RE: Mongolian NNBSP [I18N-ACTION-458]

Hi Richard,

Thanks for the reference to WordBreakProperty.txt. I understand it's function much better now.

I am attaching a file from some of professor Quejingzhabu's notes dealing with the U+1885-Baluda and the U+1886-TripleBaluda.
The instruction from the professor is to attach the baluda glyphs to the right side (vertical) of the top of the word.
The image is admittedly to be interpreted, but it is all that I have - I have never seen an original source image.
I don't know of any font that has successfully implemented the baluda as the professor describes it's shaping behavior.
As I see it, we implement either baluda as a diacritic on the right side of the stem just as the U+18A9-Dagalga is attached on the left.
Comments are welcome.

Most Mongolian suffixes have both a masculine form and a feminine form to allow for vowel harmony.
Some suffixes have T/D-initial variants allowing for a match between the stem and suffix.
Some have a vowel-initial form and a Y+vowel initial form, again to allow for  an appropriate match between stem and suffix.
I imagine the import of gender runs all the way from initial rendering up the chain to upper-level layout processing such as spell-checkers.
Badral's work with spell-checking would probably give special insight here.

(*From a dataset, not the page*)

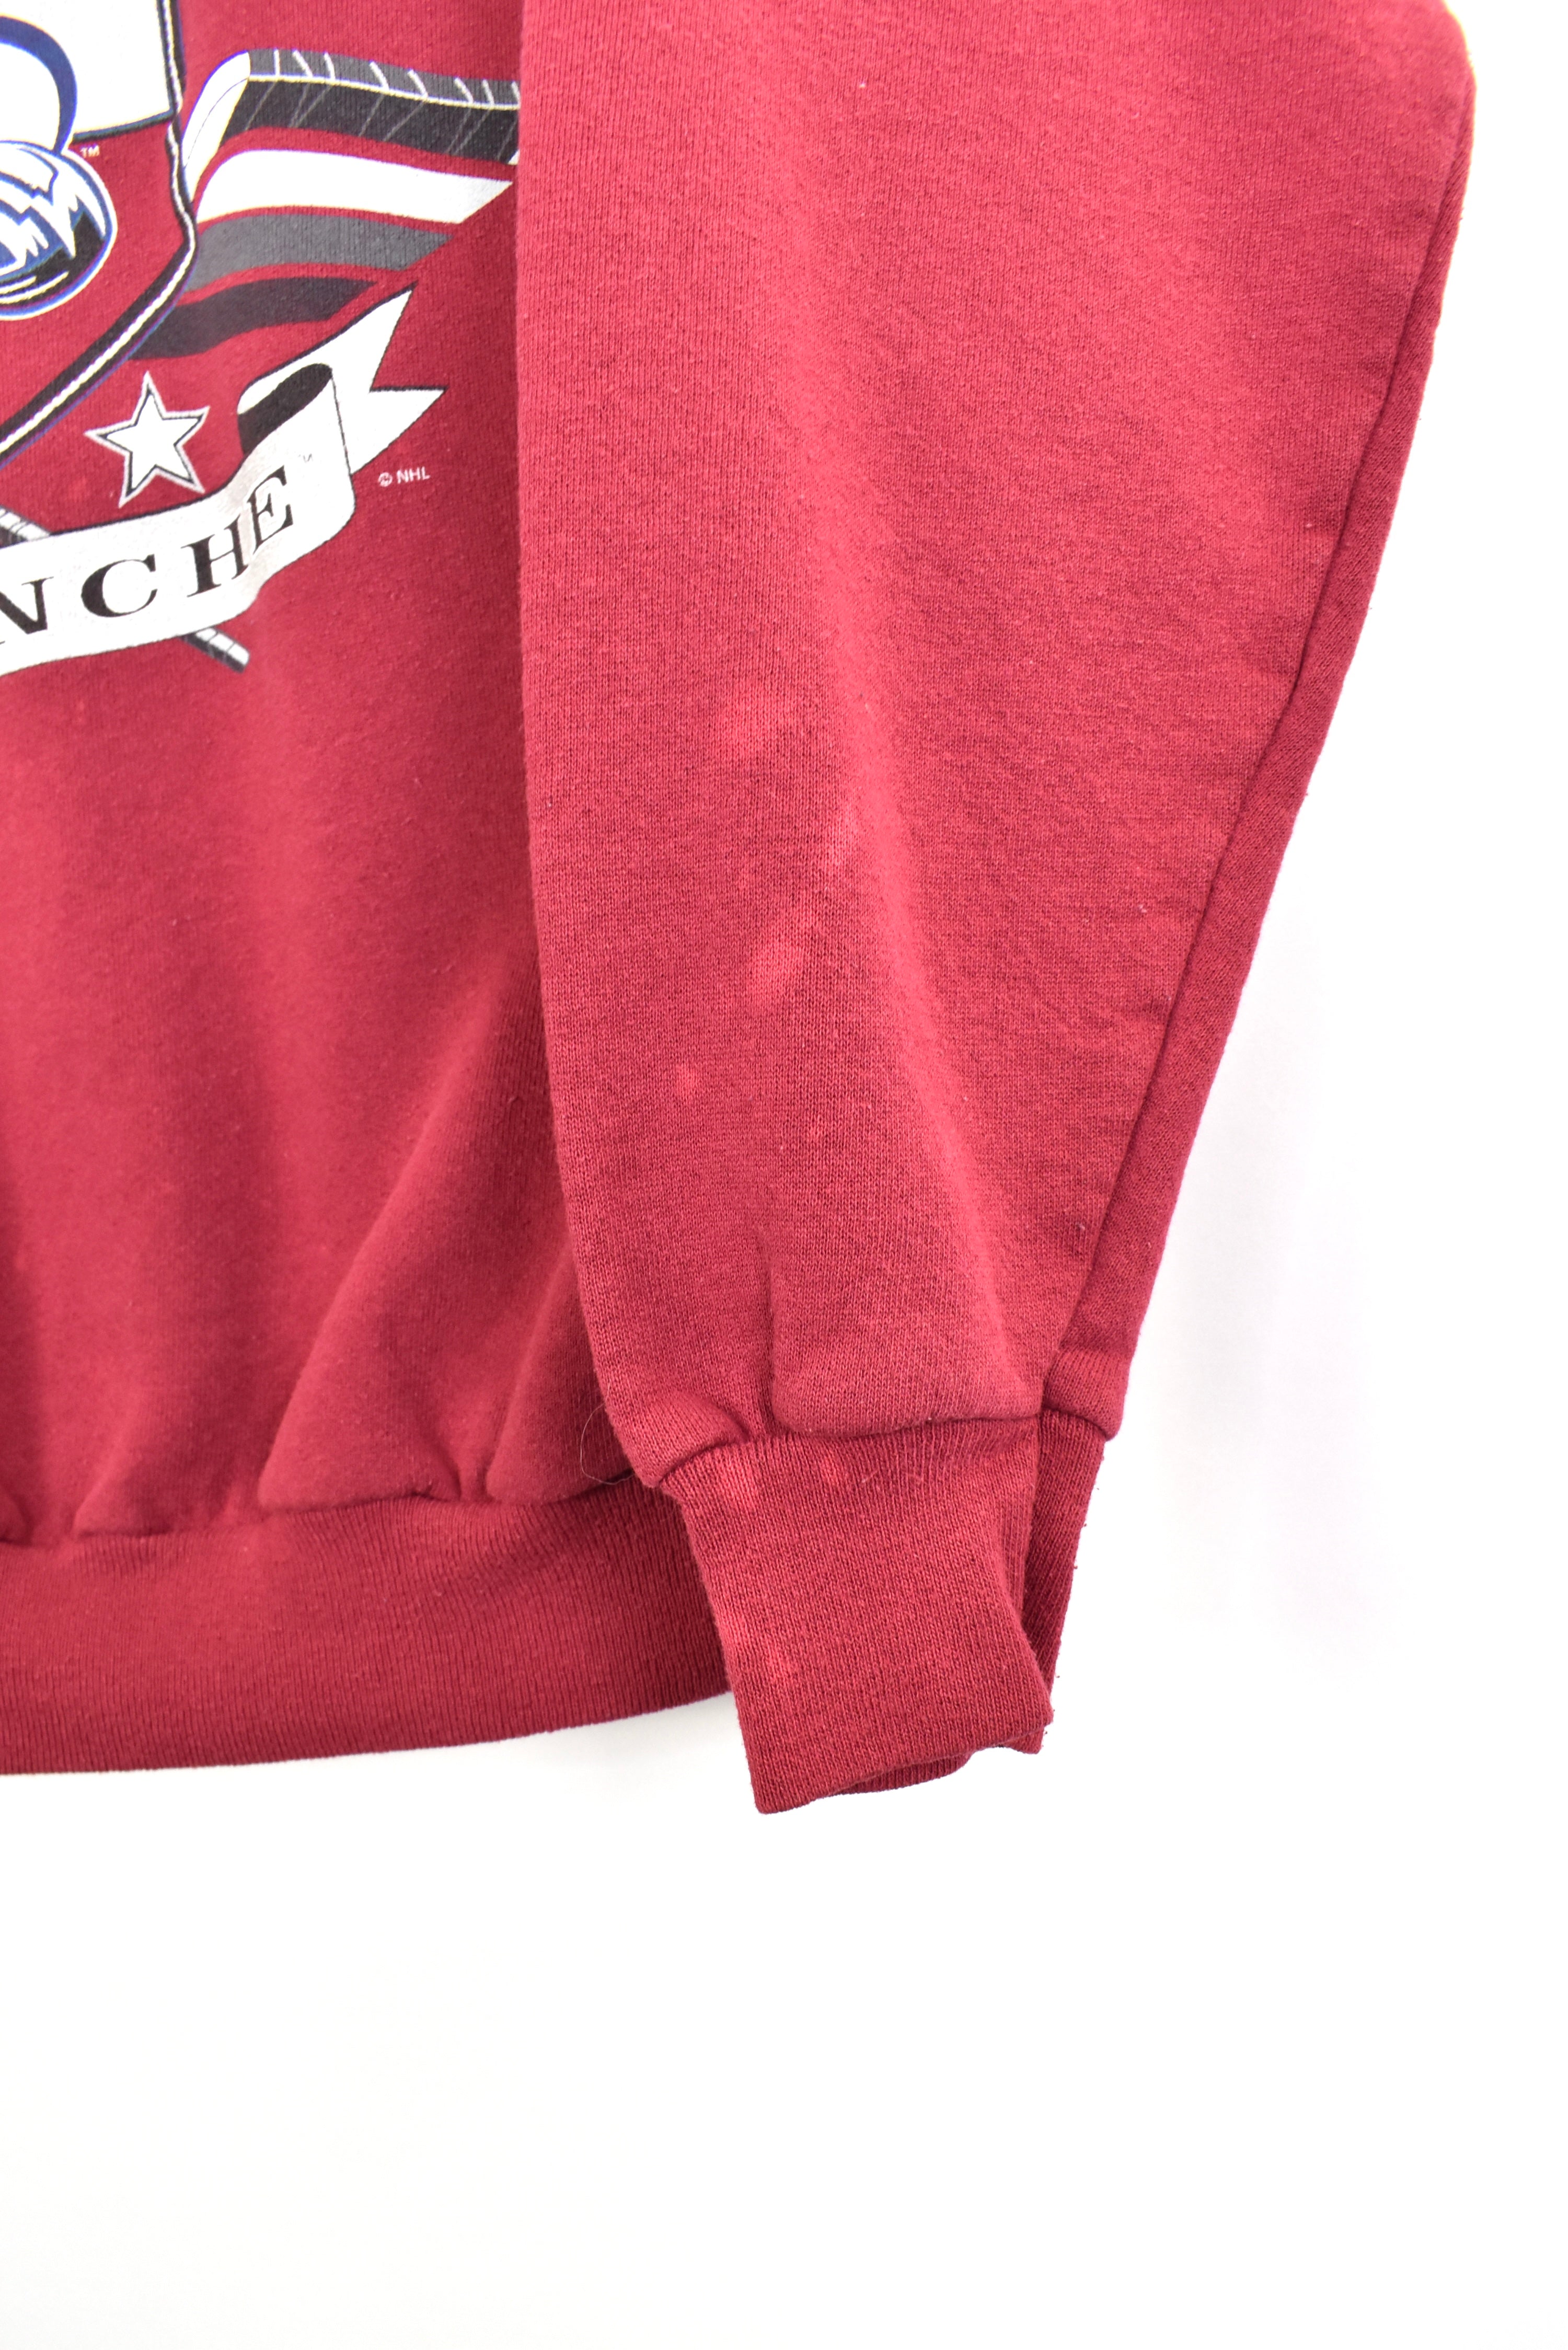 Vintage Colorado Avalanche sweatshirt, NHL long sleeve graphic crewneck - medium, burgundy PRO SPORT

-----Original Message-----
From: Richard Wordingham []
Sent: Saturday, August 1, 2015 6:15 PM
Subject: Re: Mongolian NNBSP [I18N-ACTION-458]

On Sat, 1 Aug 2015 09:33:36 +0000
Greg Eck <<>> wrote:

> If we went with the ExtendNumLet, is there a normative file that holds
> the data values - or are these changes that need to be implemented by
> the rendering engines themselves - such as MS Universal Shaping Engine
> or Harfbuzz?

There is a normative file, auxiliary/WordBreakProperty.txt in the Unicode Character Database.

The Word_Break property should have nothing to do with rendering, and I would not expect the rendering engines to pay any attention to them.
Is this a problem for gender-sensitive shaping?

The Word_Break property is for splitting text into word, such as advancing through text word-by-word and spell-checking. I get the impression that the Mongolian script is one where there is great need of a spell-checker, because with a normal font one can't check what one wrote.


Received on Saturday, 1 August 2015 13:49:22 UTC